Provided material:
-- Opening Marker --
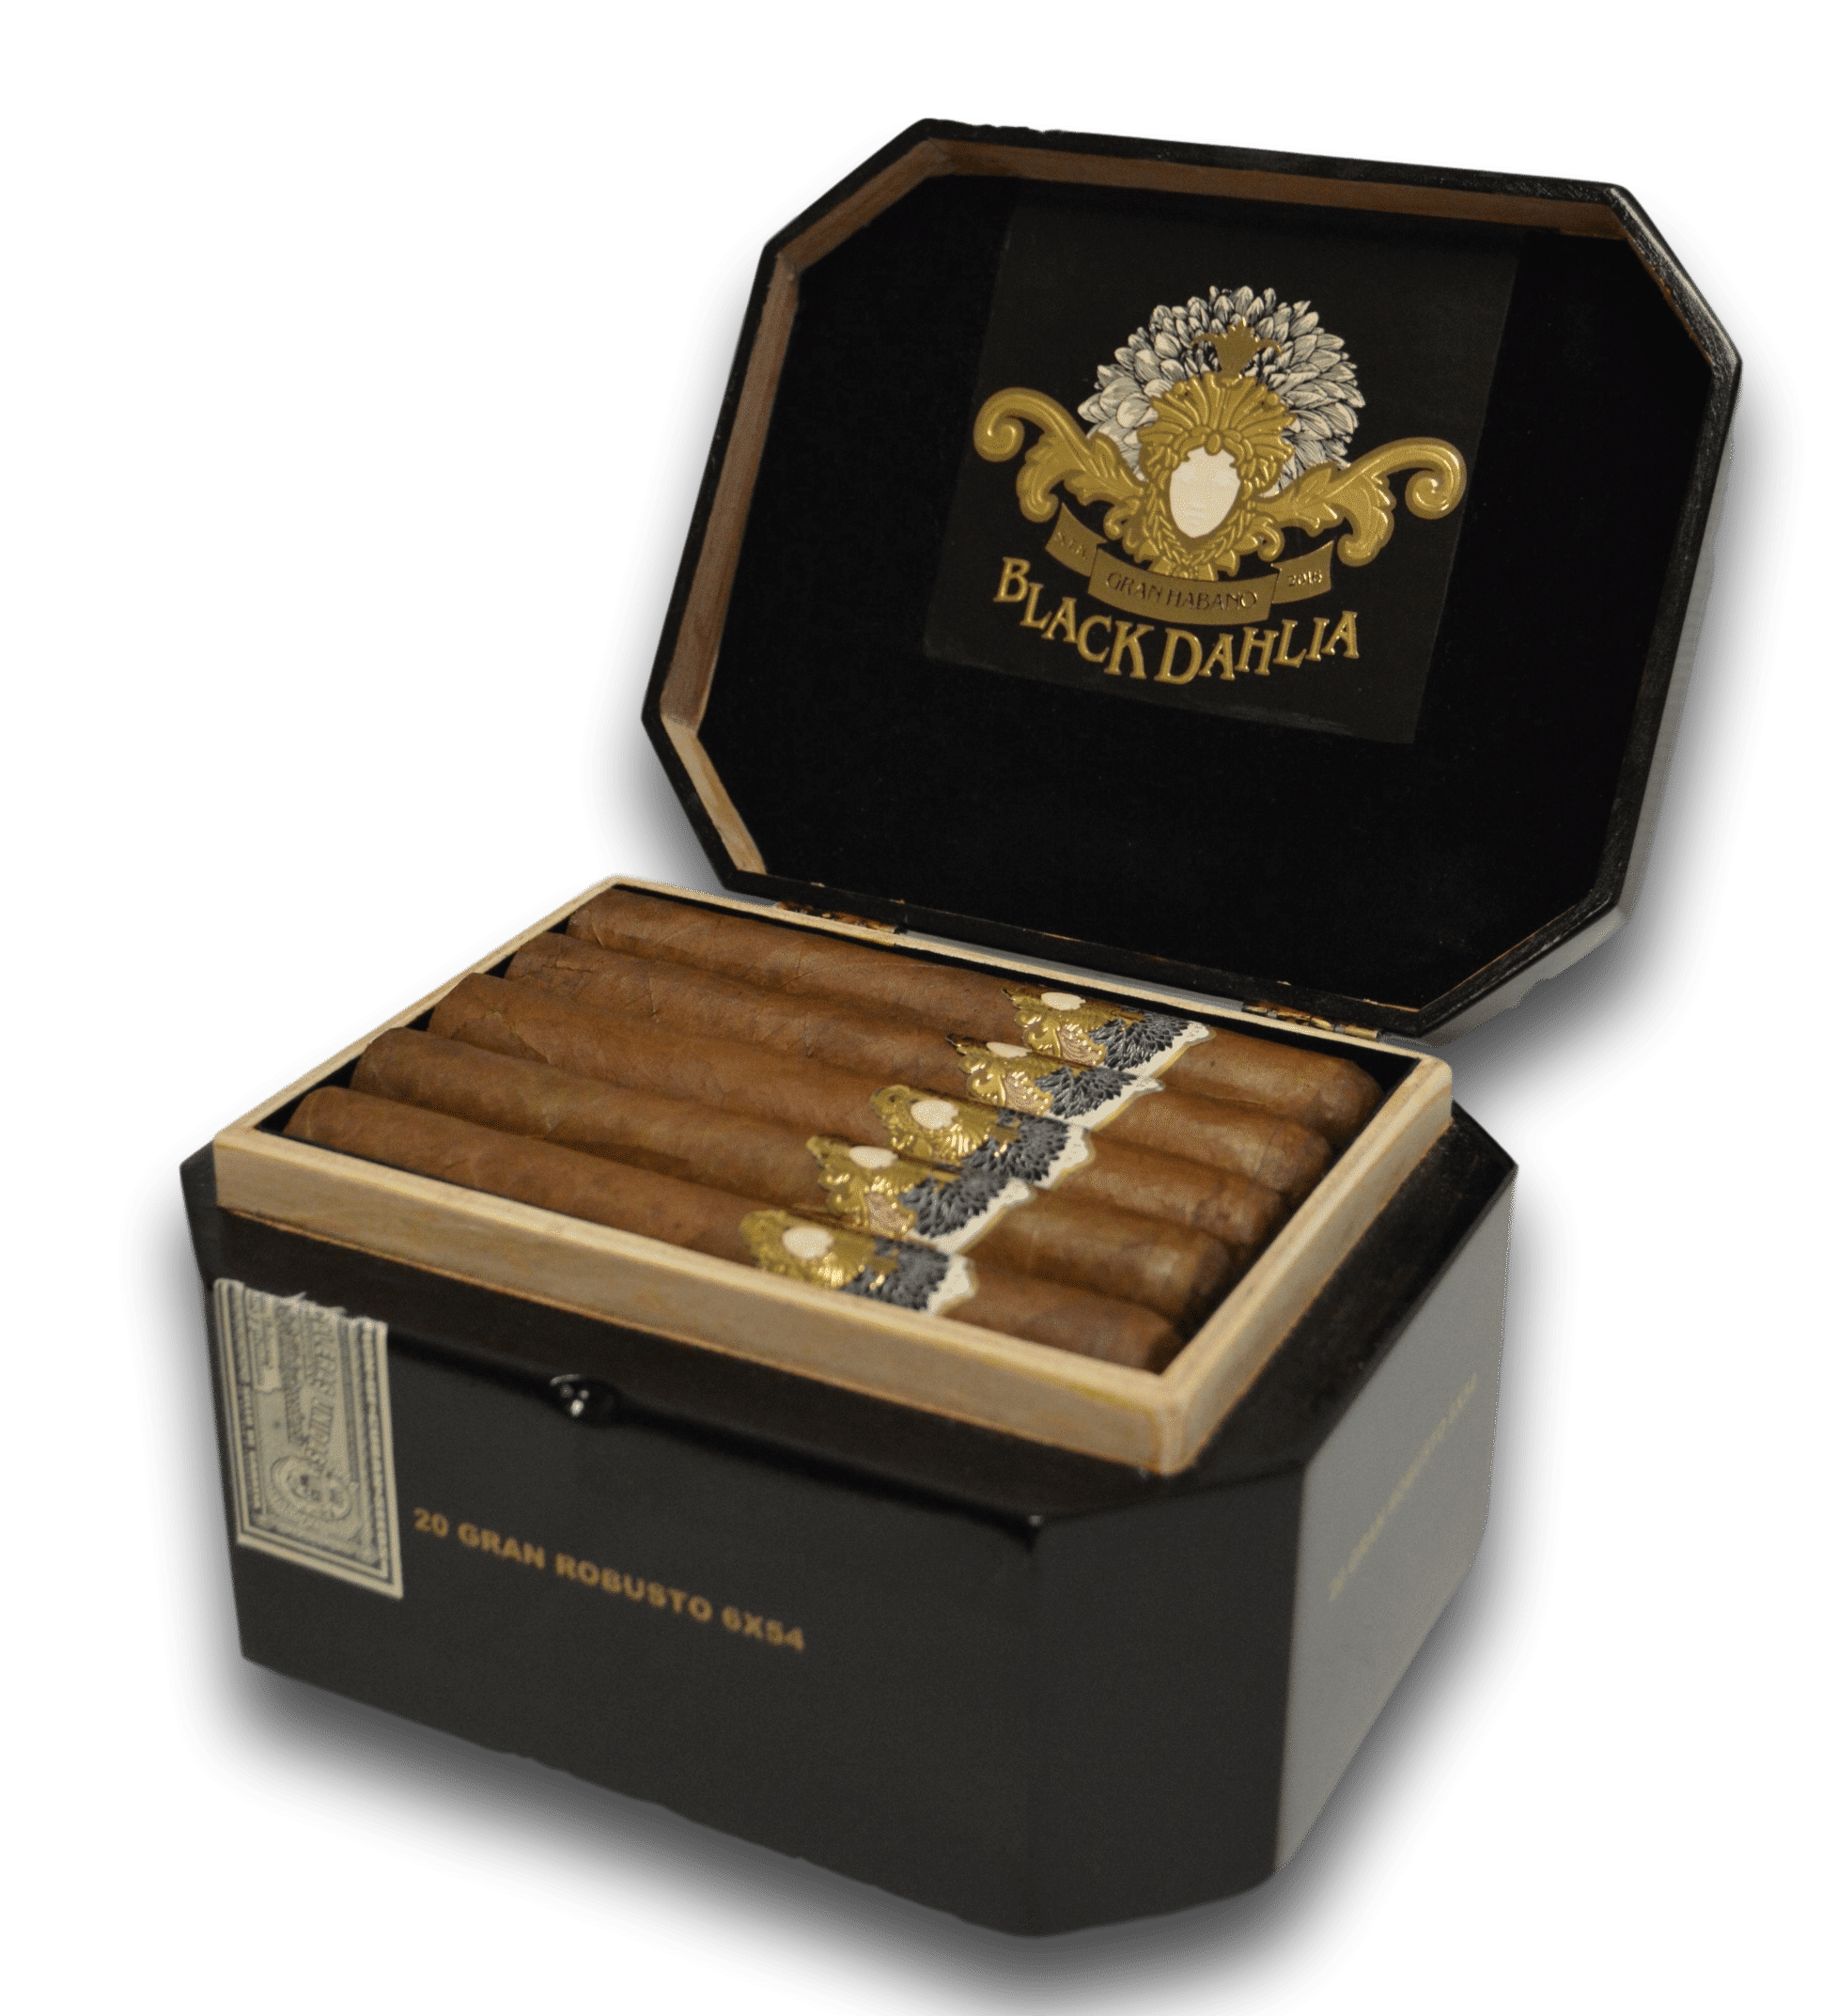 Cigar News: Gran Habano Announces S.T.K. Black Dahlia by George Rico
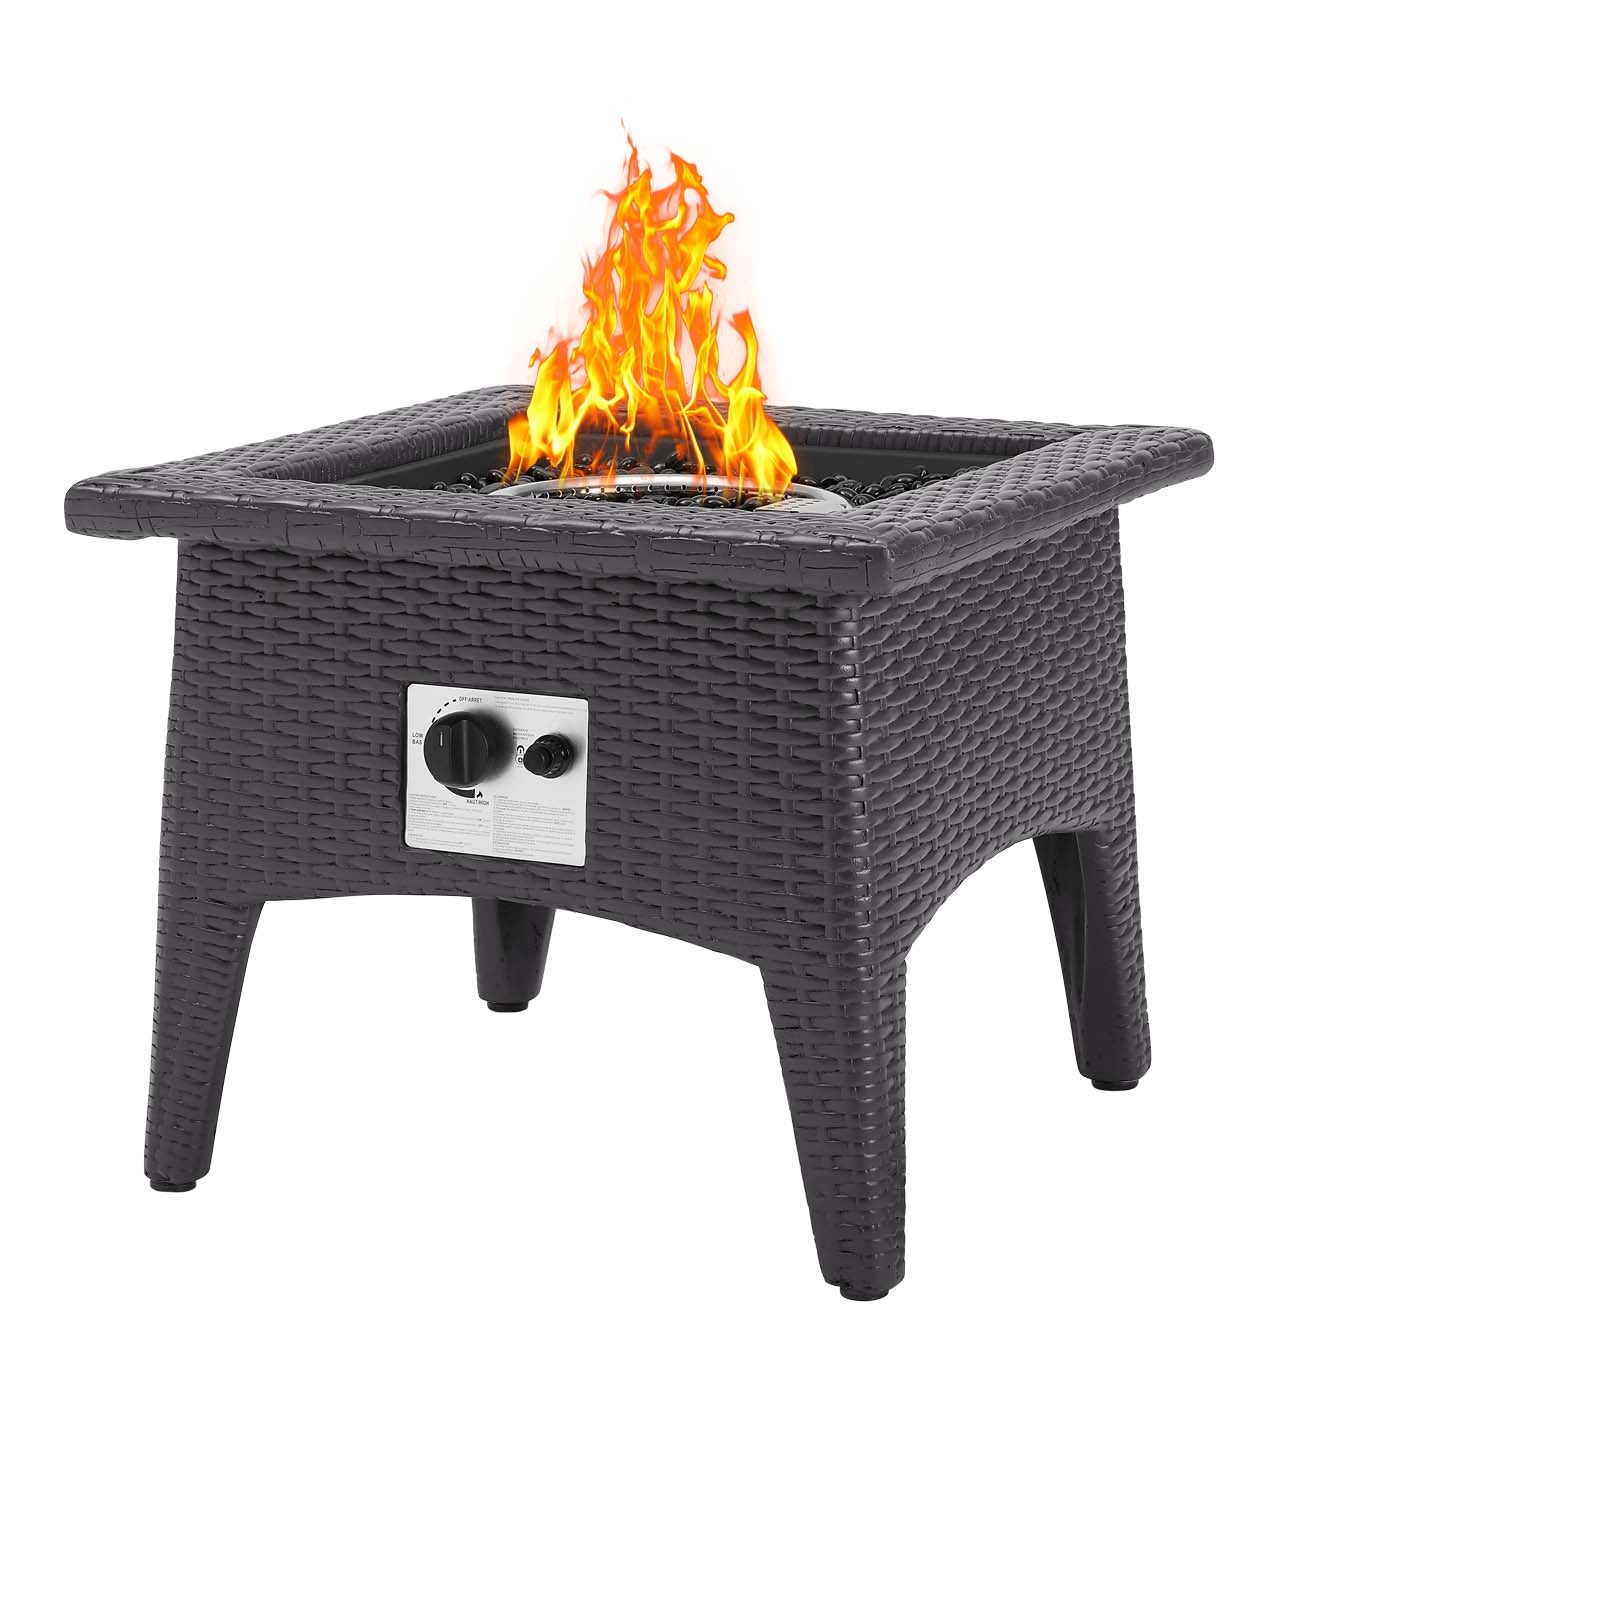 Modway Outdoor Bar Tables - Vivacity Outdoor Patio Fire Pit Table Espresso
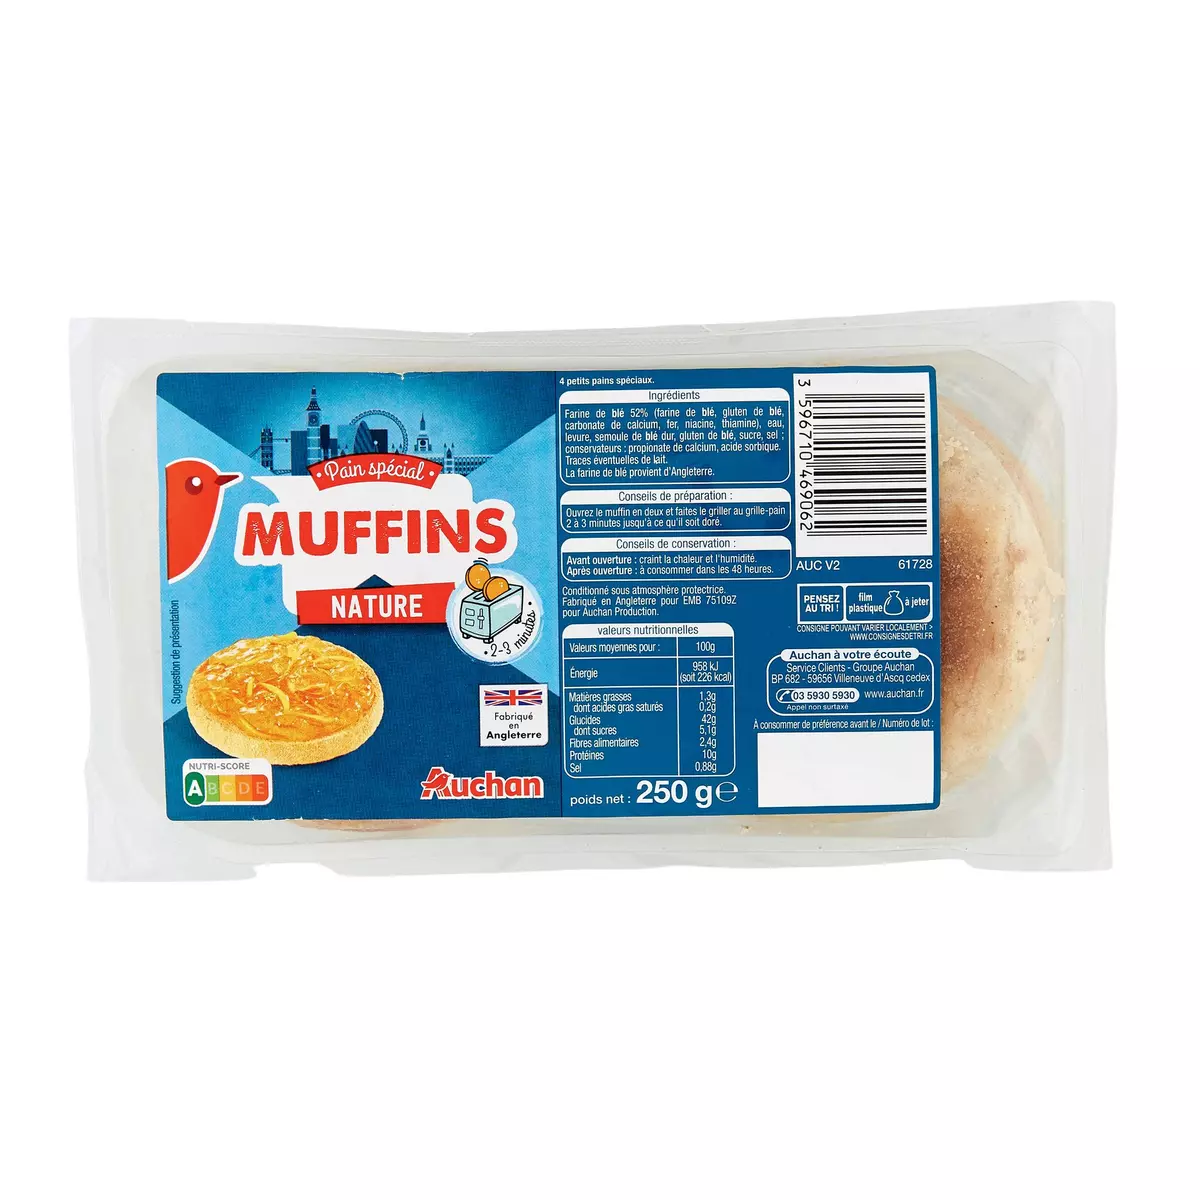 AUCHAN Muffins nature 4 muffins 250g
-- Closing Marker --
Activity: Would you repeat the listing word for word and skip every picture?

Answer to this exercise:
 Cigar News: Gran Habano Announces S.T.K. Black Dahlia by George Rico
 Modway Outdoor Bar Tables - Vivacity Outdoor Patio Fire Pit Table Espresso
 AUCHAN Muffins nature 4 muffins 250g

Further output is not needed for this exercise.